____ Exercise data
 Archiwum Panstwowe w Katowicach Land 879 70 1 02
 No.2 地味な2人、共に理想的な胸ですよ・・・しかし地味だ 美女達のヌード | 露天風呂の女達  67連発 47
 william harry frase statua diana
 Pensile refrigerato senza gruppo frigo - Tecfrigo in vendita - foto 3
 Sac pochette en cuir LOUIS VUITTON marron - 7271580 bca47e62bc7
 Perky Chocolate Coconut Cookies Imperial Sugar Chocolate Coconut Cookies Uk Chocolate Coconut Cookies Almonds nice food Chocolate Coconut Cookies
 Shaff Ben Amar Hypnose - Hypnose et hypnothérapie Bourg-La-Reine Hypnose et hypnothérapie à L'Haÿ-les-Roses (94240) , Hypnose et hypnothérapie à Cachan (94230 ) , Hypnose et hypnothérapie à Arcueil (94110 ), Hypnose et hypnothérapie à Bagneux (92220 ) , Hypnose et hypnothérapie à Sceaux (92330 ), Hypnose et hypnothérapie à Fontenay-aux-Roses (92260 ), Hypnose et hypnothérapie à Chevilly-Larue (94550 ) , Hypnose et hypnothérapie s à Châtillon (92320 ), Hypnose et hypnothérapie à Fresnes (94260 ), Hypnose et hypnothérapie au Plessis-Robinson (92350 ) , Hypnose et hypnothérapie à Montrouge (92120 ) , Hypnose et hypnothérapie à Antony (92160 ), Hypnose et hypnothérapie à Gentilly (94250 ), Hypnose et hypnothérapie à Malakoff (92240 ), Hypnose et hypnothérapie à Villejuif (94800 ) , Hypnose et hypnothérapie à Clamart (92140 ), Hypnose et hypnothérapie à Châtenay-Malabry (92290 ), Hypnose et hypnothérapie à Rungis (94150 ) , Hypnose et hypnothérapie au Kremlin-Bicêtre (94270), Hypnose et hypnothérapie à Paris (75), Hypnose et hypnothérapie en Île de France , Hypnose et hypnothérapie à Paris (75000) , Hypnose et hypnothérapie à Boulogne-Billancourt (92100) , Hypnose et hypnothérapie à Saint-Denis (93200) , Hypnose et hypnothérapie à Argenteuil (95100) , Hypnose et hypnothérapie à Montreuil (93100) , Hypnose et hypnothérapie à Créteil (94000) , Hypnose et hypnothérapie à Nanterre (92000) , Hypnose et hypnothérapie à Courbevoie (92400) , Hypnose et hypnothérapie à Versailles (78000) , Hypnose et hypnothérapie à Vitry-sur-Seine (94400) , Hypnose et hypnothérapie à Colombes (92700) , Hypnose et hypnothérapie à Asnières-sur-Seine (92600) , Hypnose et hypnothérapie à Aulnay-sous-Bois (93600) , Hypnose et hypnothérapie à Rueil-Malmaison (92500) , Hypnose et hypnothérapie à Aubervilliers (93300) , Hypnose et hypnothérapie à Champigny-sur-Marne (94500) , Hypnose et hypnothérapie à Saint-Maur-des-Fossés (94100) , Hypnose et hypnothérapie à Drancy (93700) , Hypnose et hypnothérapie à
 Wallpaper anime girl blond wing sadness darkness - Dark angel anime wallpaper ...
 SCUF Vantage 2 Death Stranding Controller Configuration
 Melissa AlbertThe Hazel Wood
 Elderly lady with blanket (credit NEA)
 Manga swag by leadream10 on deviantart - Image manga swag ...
________
Give the records back in full, word for word.

→ **Expected answer**:
 Archiwum Panstwowe w Katowicach Land 879 70 1 02
 No.2 地味な2人、共に理想的な胸ですよ・・・しかし地味だ 美女達のヌード | 露天風呂の女達  67連発 47
 william harry frase statua diana
 Pensile refrigerato senza gruppo frigo - Tecfrigo in vendita - foto 3
 Sac pochette en cuir LOUIS VUITTON marron - 7271580 bca47e62bc7
 Perky Chocolate Coconut Cookies Imperial Sugar Chocolate Coconut Cookies Uk Chocolate Coconut Cookies Almonds nice food Chocolate Coconut Cookies
 Shaff Ben Amar Hypnose - Hypnose et hypnothérapie Bourg-La-Reine Hypnose et hypnothérapie à L'Haÿ-les-Roses (94240) , Hypnose et hypnothérapie à Cachan (94230 ) , Hypnose et hypnothérapie à Arcueil (94110 ), Hypnose et hypnothérapie à Bagneux (92220 ) , Hypnose et hypnothérapie à Sceaux (92330 ), Hypnose et hypnothérapie à Fontenay-aux-Roses (92260 ), Hypnose et hypnothérapie à Chevilly-Larue (94550 ) , Hypnose et hypnothérapie s à Châtillon (92320 ), Hypnose et hypnothérapie à Fresnes (94260 ), Hypnose et hypnothérapie au Plessis-Robinson (92350 ) , Hypnose et hypnothérapie à Montrouge (92120 ) , Hypnose et hypnothérapie à Antony (92160 ), Hypnose et hypnothérapie à Gentilly (94250 ), Hypnose et hypnothérapie à Malakoff (92240 ), Hypnose et hypnothérapie à Villejuif (94800 ) , Hypnose et hypnothérapie à Clamart (92140 ), Hypnose et hypnothérapie à Châtenay-Malabry (92290 ), Hypnose et hypnothérapie à Rungis (94150 ) , Hypnose et hypnothérapie au Kremlin-Bicêtre (94270), Hypnose et hypnothérapie à Paris (75), Hypnose et hypnothérapie en Île de France , Hypnose et hypnothérapie à Paris (75000) , Hypnose et hypnothérapie à Boulogne-Billancourt (92100) , Hypnose et hypnothérapie à Saint-Denis (93200) , Hypnose et hypnothérapie à Argenteuil (95100) , Hypnose et hypnothérapie à Montreuil (93100) , Hypnose et hypnothérapie à Créteil (94000) , Hypnose et hypnothérapie à Nanterre (92000) , Hypnose et hypnothérapie à Courbevoie (92400) , Hypnose et hypnothérapie à Versailles (78000) , Hypnose et hypnothérapie à Vitry-sur-Seine (94400) , Hypnose et hypnothérapie à Colombes (92700) , Hypnose et hypnothérapie à Asnières-sur-Seine (92600) , Hypnose et hypnothérapie à Aulnay-sous-Bois (93600) , Hypnose et hypnothérapie à Rueil-Malmaison (92500) , Hypnose et hypnothérapie à Aubervilliers (93300) , Hypnose et hypnothérapie à Champigny-sur-Marne (94500) , Hypnose et hypnothérapie à Saint-Maur-des-Fossés (94100) , Hypnose et hypnothérapie à Drancy (93700) , Hypnose et hypnothérapie à
 Wallpaper anime girl blond wing sadness darkness - Dark angel anime wallpaper ...
 SCUF Vantage 2 Death Stranding Controller Configuration
 Melissa AlbertThe Hazel Wood
 Elderly lady with blanket (credit NEA)
 Manga swag by leadream10 on deviantart - Image manga swag ...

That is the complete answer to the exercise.